Giant pangassius catfish, that can reach lengths of more than nine feet in the wild, will be joined by a seven foot beluga sturgeon, impressive Australian whiprays, beefy barramundi and a menagerie of other freshwater creatures from around the world. Demas says some species like marbled eels, ghostly-white alligator gar and wallago will add a bit of the weird to this collection of monster fish. “The wallago catfish is one of my personal favorites,” said Demas. “It has the face of a bullhead and an eel-like body. In Southeast Asia, wallago can grow to eight feet in length.”

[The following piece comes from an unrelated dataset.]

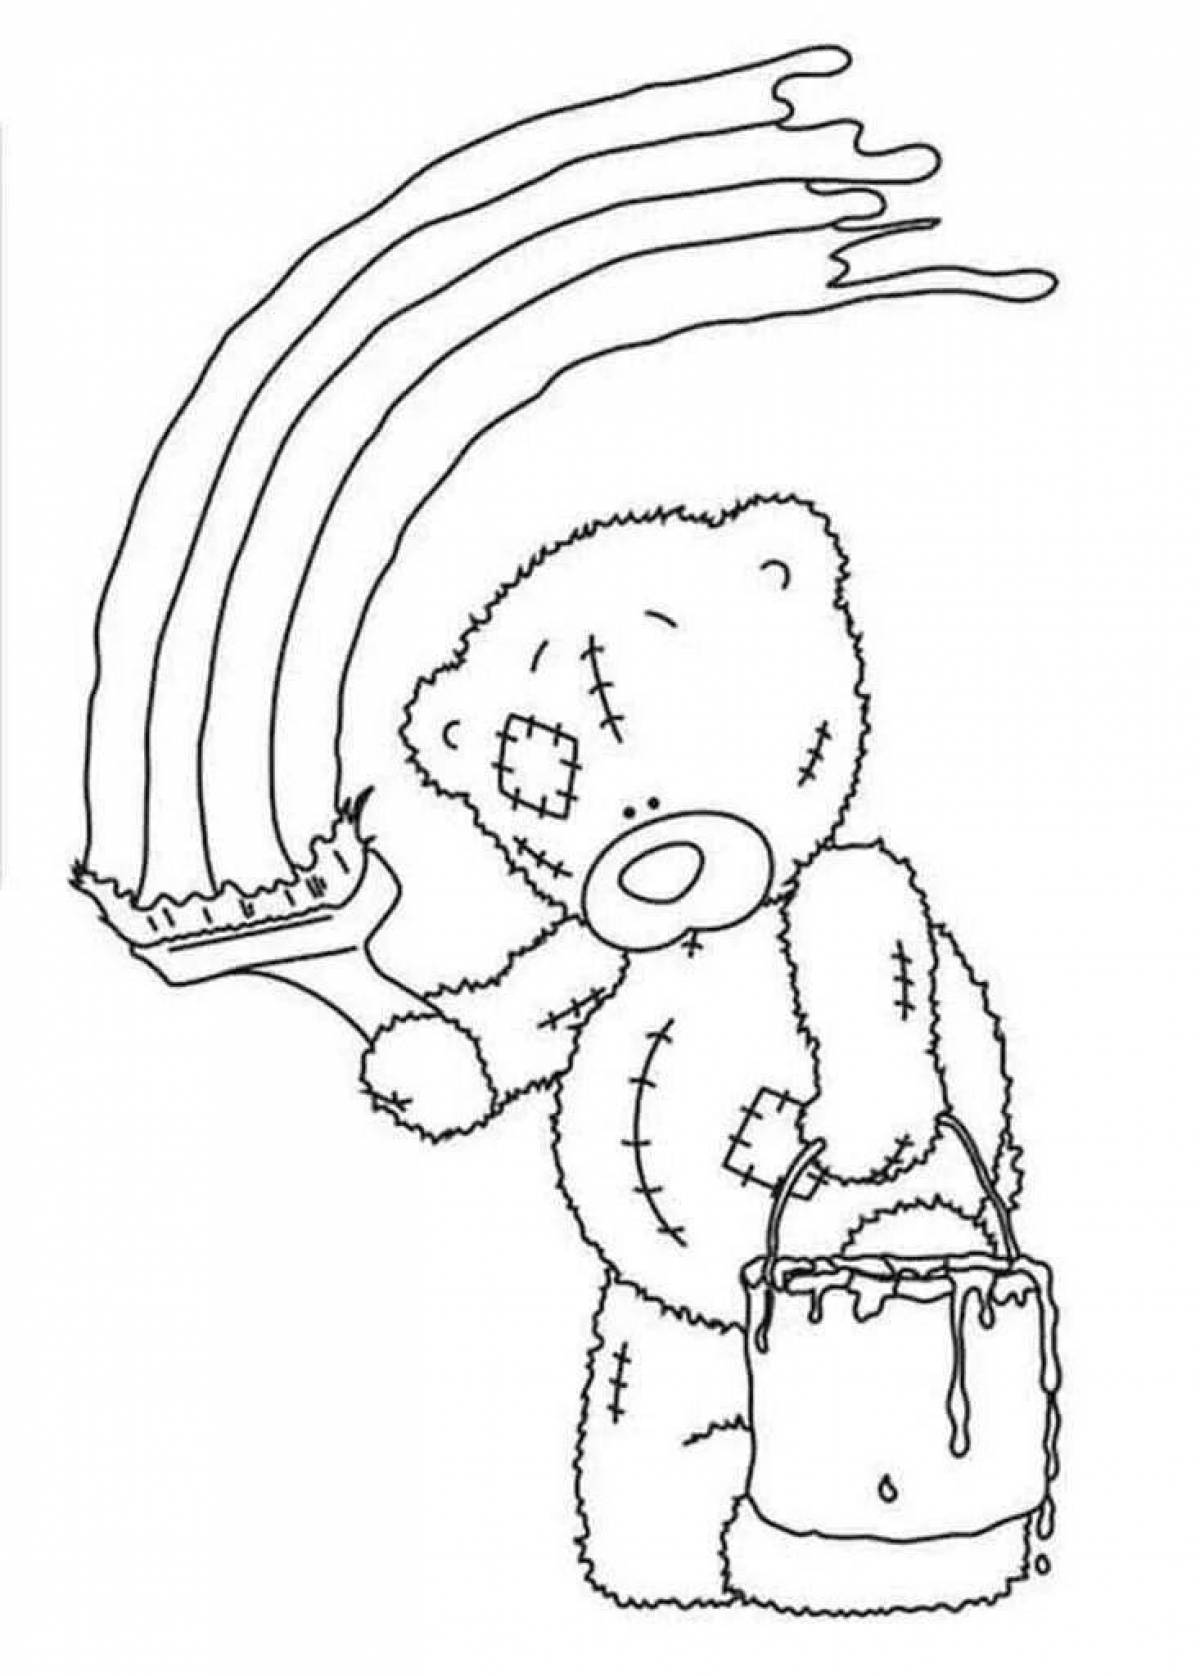 Colorful teddy coloring page

Redtail catfish, feisty fish with unique markings and very long whiskers, will be another crowd favorite. They'll be found prowling near the bottom of the exhibit while prehistoric-looking arapaima slowly patrol the waters above. Demas predicts guests will snap a lot of pictures of these massive predators. “The arapaima don’t just look powerful, they’re more than 100 pounds of pure, angry muscle.” Demas and other staffers have been in the water working with lots of massive fish while getting the exhibit ready for visitors.
National Geographic Explorer Dr. Zeb Hogan has also had many face-to-face encounters with titanic freshwater fish. Among the 20 species he’s highlighted for his popular National Geographic television series, “Monster Fish,” Hogan’s team documented a 650 pound Mekong catfish and a freshwater stingray with a 12-foot diameter. Hogan will be in Chattanooga for the Aquarium’s 20th Anniversary and grand opening of the River Giants exhibit on April 28th. “It’s pretty easy to love, and to be curious about, these fish,” said Hogan. “They are really hard to find in the wild and most of them occur in very remote parts of the world. The River Giants exhibit is great because, while most of us are not going to have a chance to come face-to-face with a giant catfish or freshwater rays in the wild, we’re afforded that opportunity by going to the Tennessee Aquarium.”
In spite of their ability to reach jaw-dropping sizes in the wild, most of these river giants are facing extinction in our lifetime. Some megafish species have recently disappeared forever. Hogan went searching for the Chinese paddlefish but ended up documenting what others had suspected – that this species is now extinct. “I worked with the scientist who had been searching the Yangtze River for these fish for decades,” said Hogan. “My understanding is the last Chinese paddlefish was seen in early 2007.”
A seven-foot lake sturgeon will be among the river giants in the new display. It represents hope for the other freshwater species on the brink. Today anglers are reporting these ancient-looking fish along virtually the entire length of the Tennessee River. Hogan points to the work of the Tennessee Aquarium Conservation Institute and its partners as a model for other giant fish that are vanishing. He believes that making a connection to these species by watching Monster Fish or seeing some of them first-hand in River Giants is an important step toward helping other big species. “We need to increase awareness to make sure everyone knows what’s happening in the wild,” said Hogan. “Without that knowledge, there’s no support to try and better protect these species.”
Collaborating with National Geographic on this new exhibit extends the freshwater conservation focus that has been the Tennessee Aquarium's hallmark since opening in 1992. The National Geographic Society’s global freshwater initiative aims to inspire and empower individuals to preserve the extraordinary diversity of freshwater.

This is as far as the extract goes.